# [MATERIAL PROVIDED]
____________________

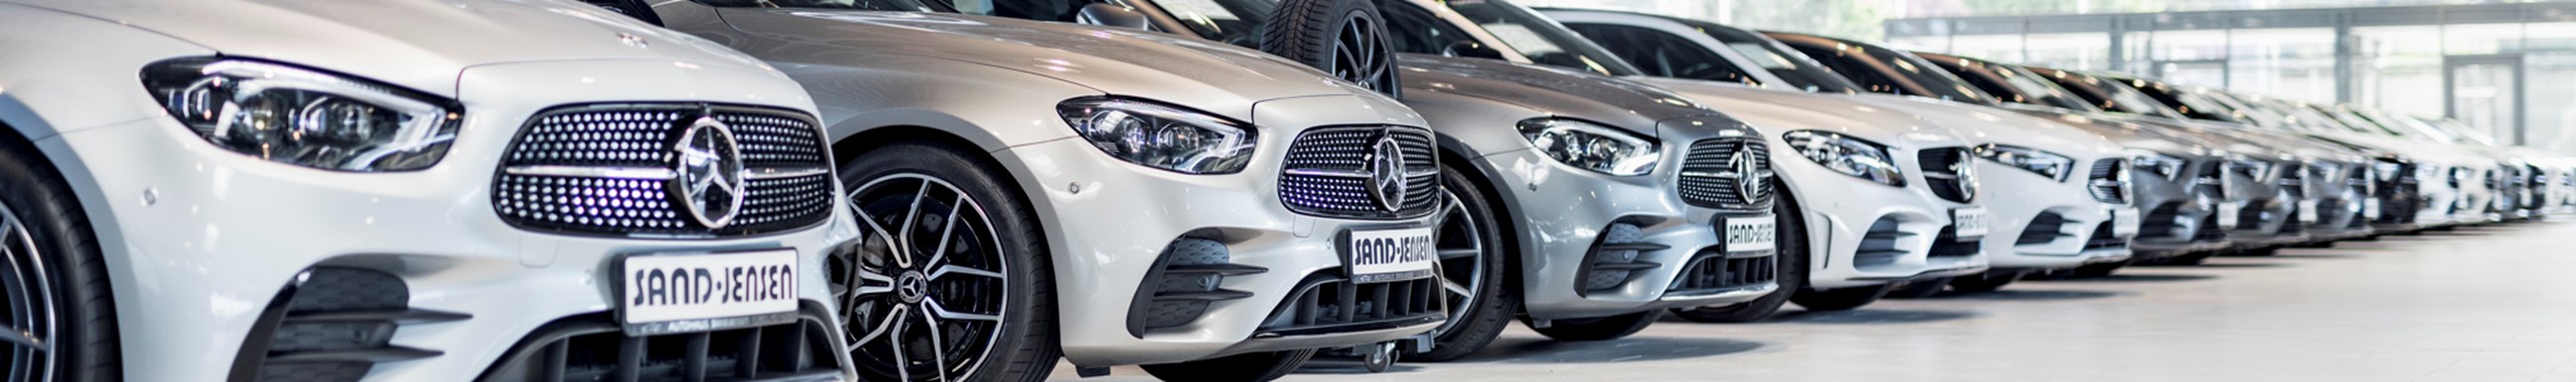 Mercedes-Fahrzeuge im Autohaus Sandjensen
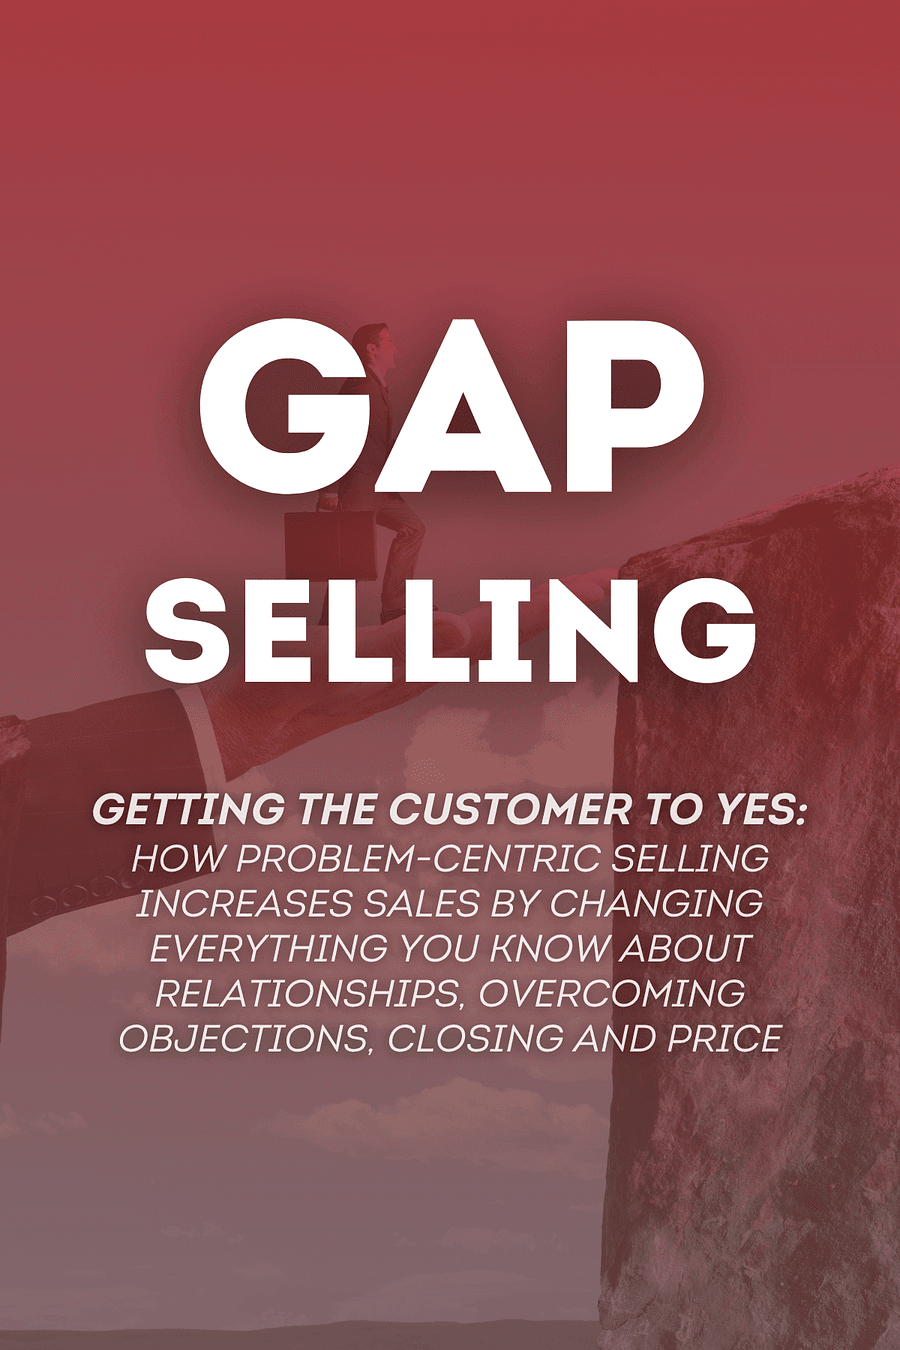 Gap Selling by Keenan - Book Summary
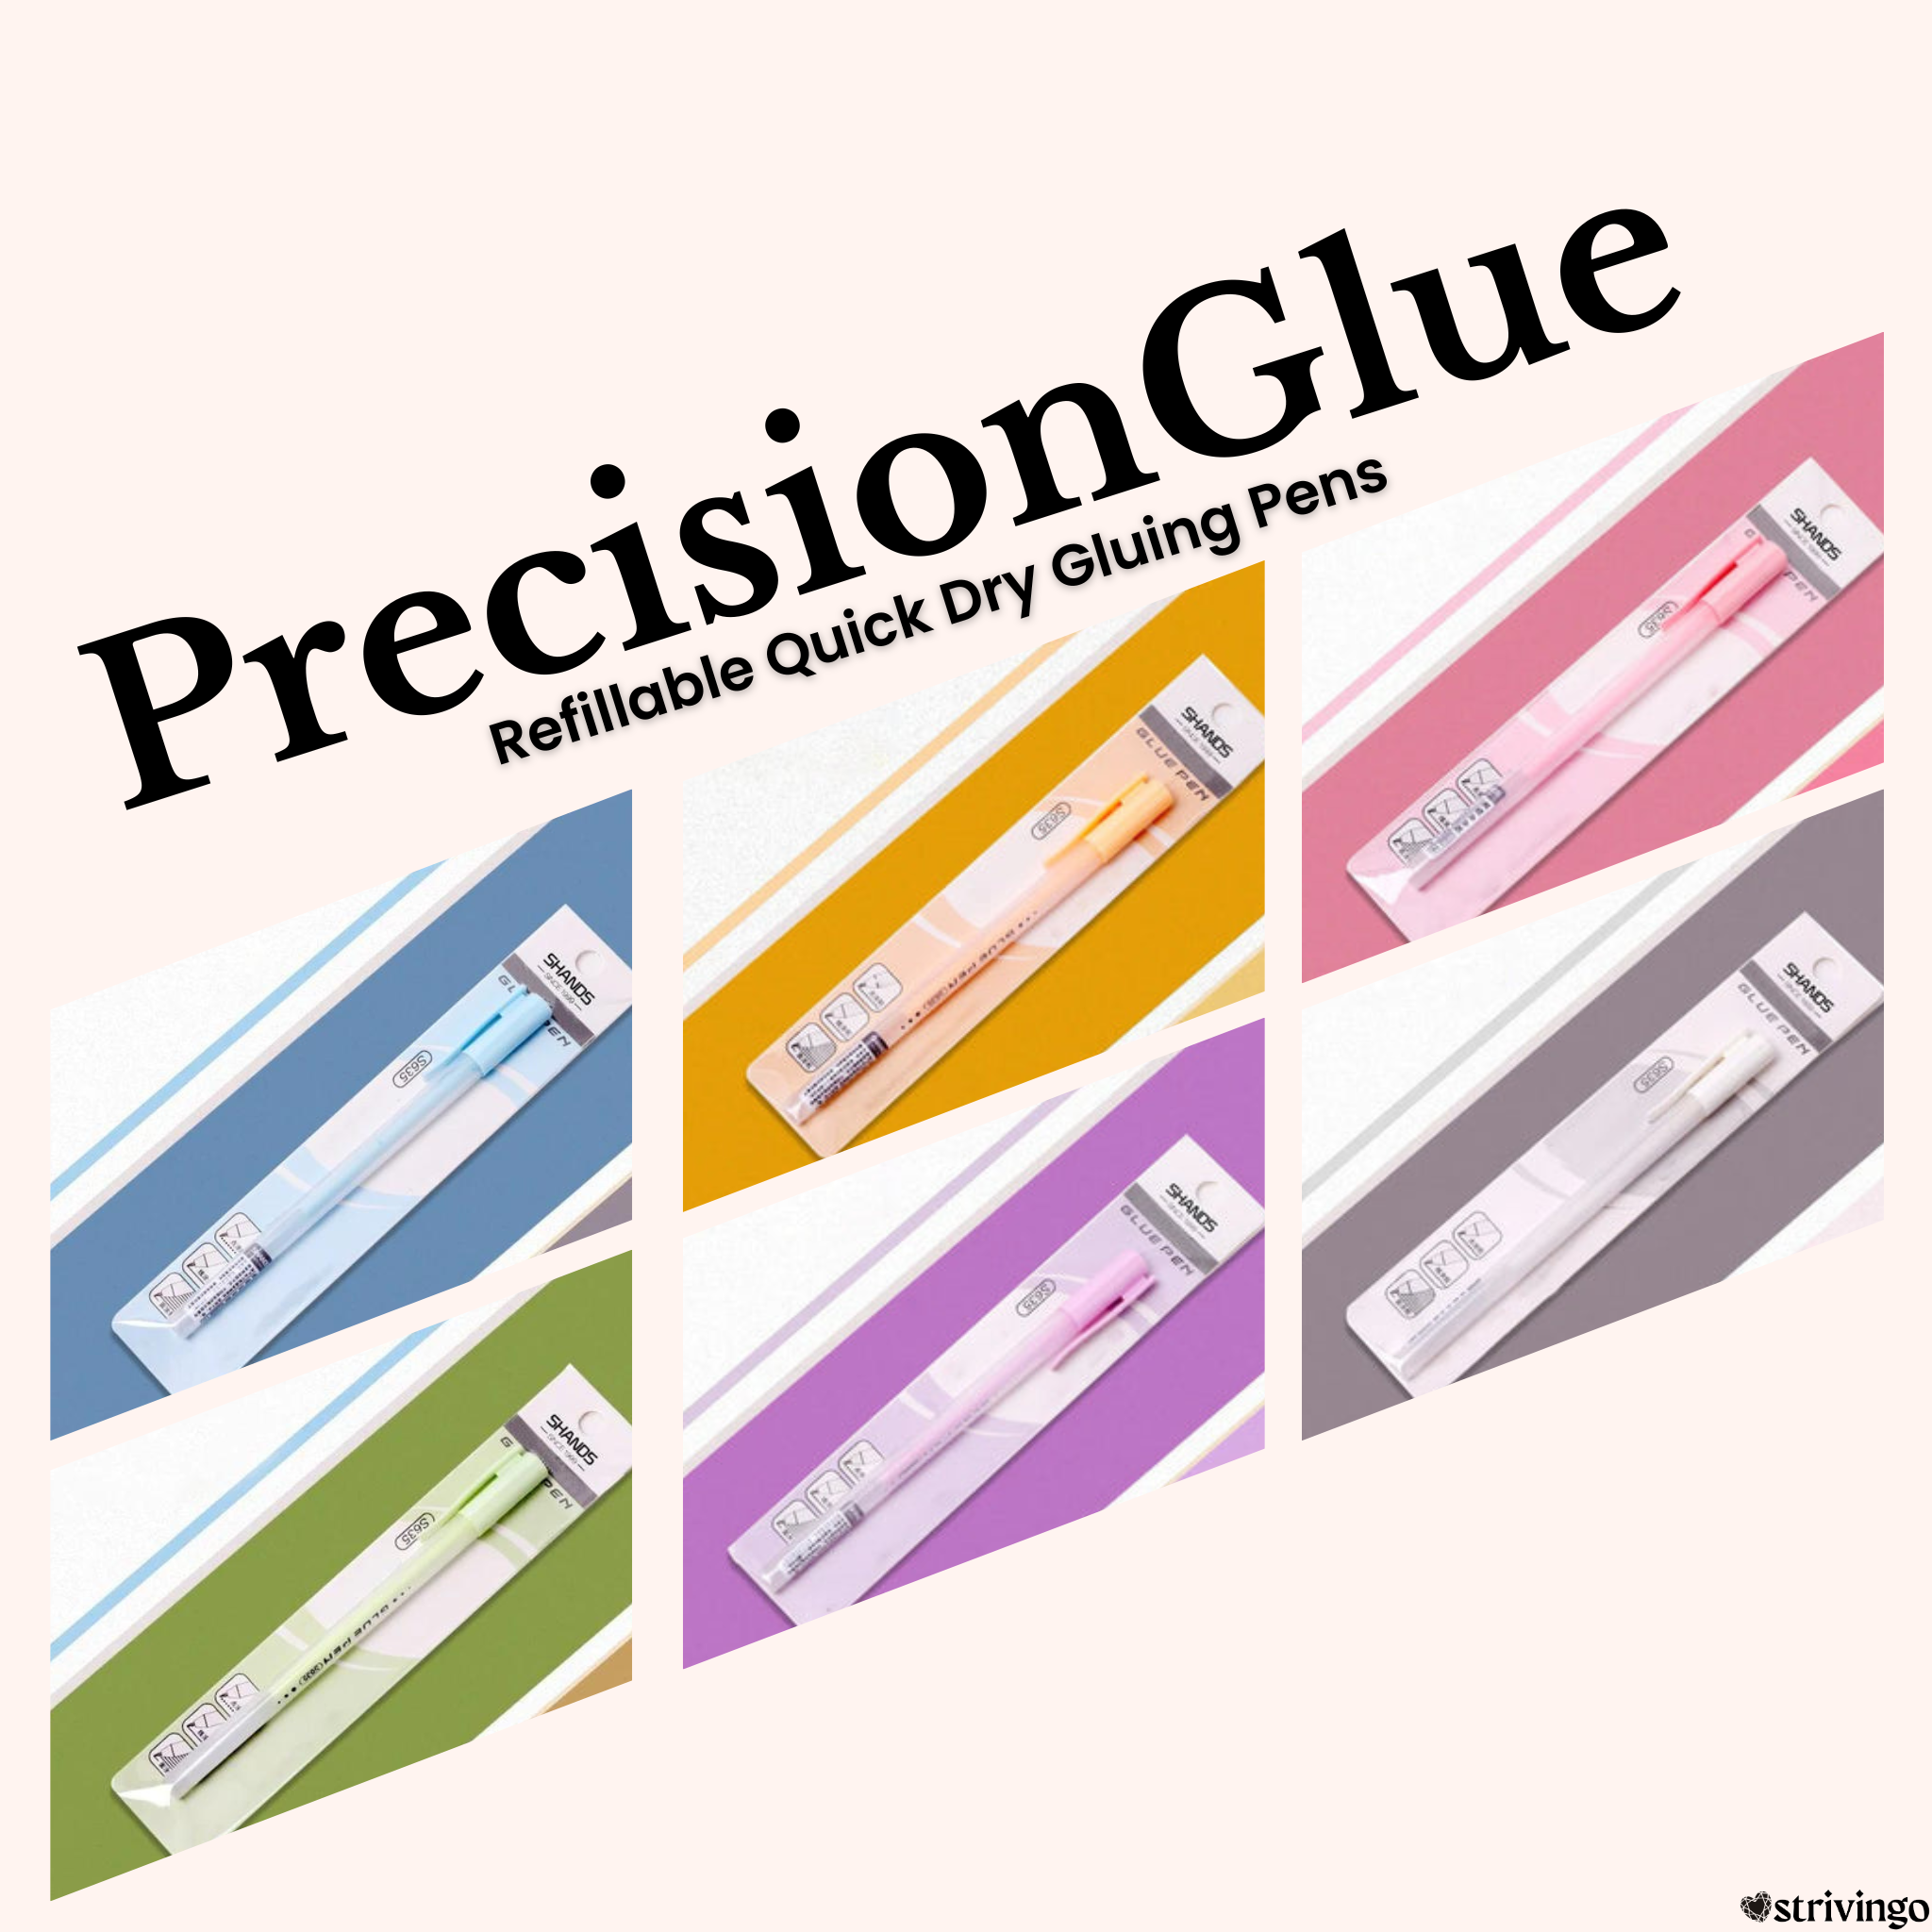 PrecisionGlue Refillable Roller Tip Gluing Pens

____________________

# [THE TASK]
Give the data again word for word, without images.

# [EXPECTED OUTPUT]
 Mercedes-Fahrzeuge im Autohaus Sandjensen
 Gap Selling by Keenan - Book Summary
 PrecisionGlue Refillable Roller Tip Gluing Pens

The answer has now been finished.